Relationship between mask pressure, inspiratory flow and upper airway collapse

Collapse was defined as ≥ 50% narrowing of the upper airway. Fitted lines with 95% confidence intervals represent all breath segments

Discussion

This is the first study to assess the effects of CPAP on upper airway dimensions and inspiratory flow using gold standard measurements [8]. The main conclusion is that epiglottis collapse is not alleviated by CPAP, as opposed to other upper airway structures. However, this does not seem to hamper the effectiveness of CPAP in improving inspiratory flow.

Our findings are in line with previous research indicating that epiglottis collapse is refractory to CPAP and often requires pressure levels above 10 cmH2O [4, 5]. Additionally, our study included one individual in whom CPAP adversely induced collapse of the epiglottis, which supports previous observations from case series [3, 9, 10]. This effect of CPAP can be attributed to the anatomy of the epiglottis, which is orientated in the opposite direction of inspiratory flow and is tightly connected by ligaments to the hyoid and thyroid [11]. CPAP has little impact on these structures, and therefore, epiglottic movement may be limited.

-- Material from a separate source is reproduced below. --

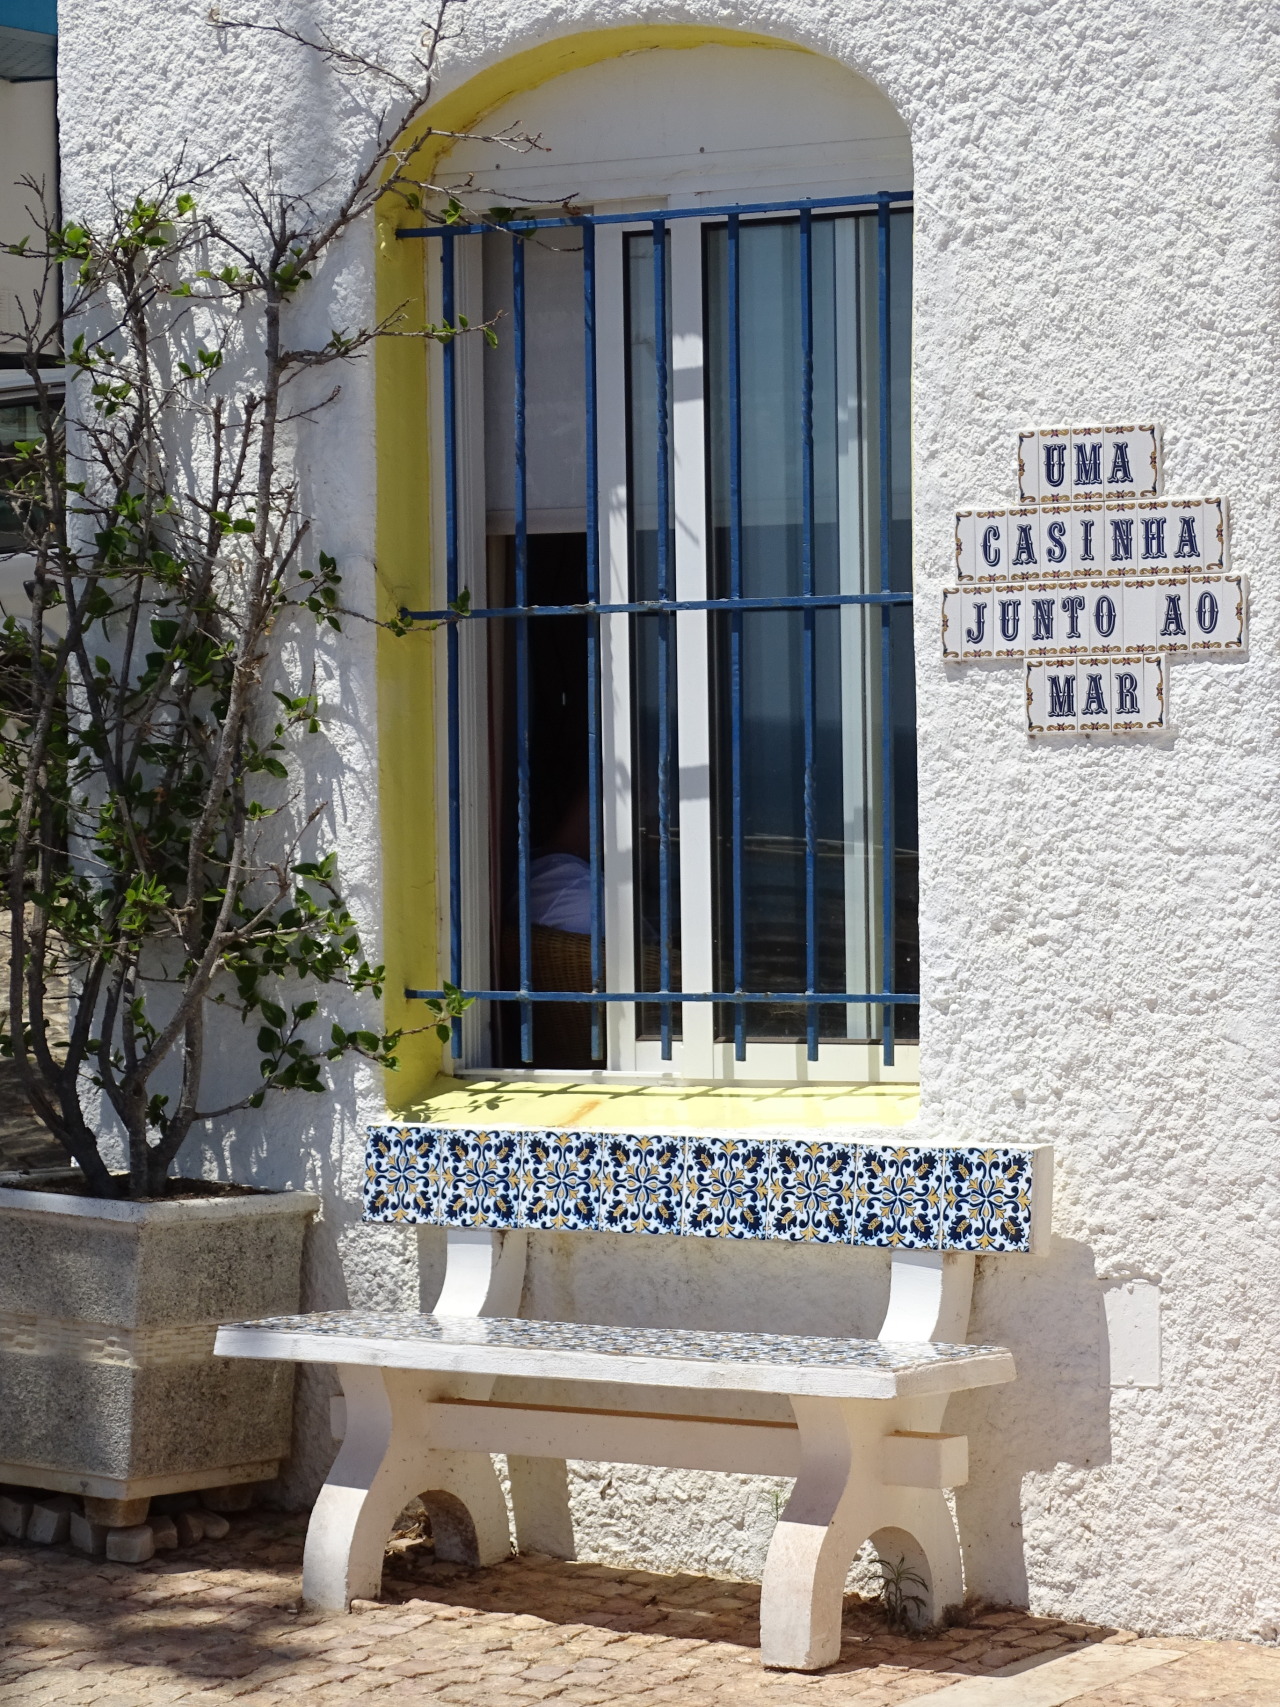 Invitation to RestWhat do you think about my pic?     #Albufeira#Algarve#Portugal#bench#window#gate#white house#travel#flower pot#original photography#cityscape#tourist attraction#landmark#architecture#summer 2021#Iberia#Southern Europe #photo of the day  #What do you think about my pic? #yellow#blue#tiles#vacation#façade#exterior

However, when this suspensory apparatus degenerates [10, 12], the epiglottis may become lax and susceptible to collapse when exposed to positive pressure.

In general, CPAP has the greatest impact on the pharyngeal lateral walls which are more compliant than the soft palate and tongue base [5, 13]. Nevertheless, we found similar pressure requirements for all three upper airway levels. Persistent collapse was only seen at the soft palate and epiglottis. This is in accordance with research of Dieleman et al. who applied CPAP during DISE to identify causes of CPAP failure [6]. Together, these findings suggest that both the soft palate and epiglottis are important areas to consider when dealing with suboptimal CPAP results.

Interestingly and unexpectedly, CPAP normalized PIF and Vi in all patients regardless of its effect on the epiglottis. This finding challenges the notion that epiglottis collapse is a contra-indication for CPAP therapy. However, it is important to bear in mind that epiglottis collapse under CPAP may cause discomfort, particularly a choking sensation, thereby reducing adherence. This has been recently demonstrated by a case-control study in which patients with epiglottis collapse were less adherent and more likely to terminate CPAP than controls [14]. Therefore, other treatment strategies that are known to be effective, such as oral appliances and positional interventions, should be considered as well in patients with primary epiglottis collapse [15, 16].

A particular strength of this study were the direct measurements of Pmask which reflects effective CPAP. Air leakage during CPAP is not uncommon, especially in research settings with modified masks and simultaneous endoscopy, and can result in erroneous observations. Therefore, these measurements allow for more accurate inferences on CPAP-related changes in upper airway dimensions.

This study has some limitations. First and foremost, due to the invasive nature of the measurements, the sample size was rather small, and while female sex was not an exclusion parameter, only males participated in the study. Patients also had less severe OSA compared to previous studies which may explain the lower CPAP requirements in the present study. Secondly, CPAP was titrated until resolution of flow limitation, not upper airway collapse. Therefore, it is possible that even higher pressures would have improved collapse of the epiglottis. Lastly, the study did not include data on clinical efficacy and adherence. It would be interesting to evaluate the relationship between persistent epiglottis collapse and CPAP-intolerance in future studies.

Notwithstanding these limitations, the current study provides insights into upper airway mechanics and collapse patterns that may or may not respond favorably to CPAP. Our findings demonstrate that while CPAP does not effectively address epiglottis collapse, it does resolve flow limitation regardless of its effect on the epiglottis.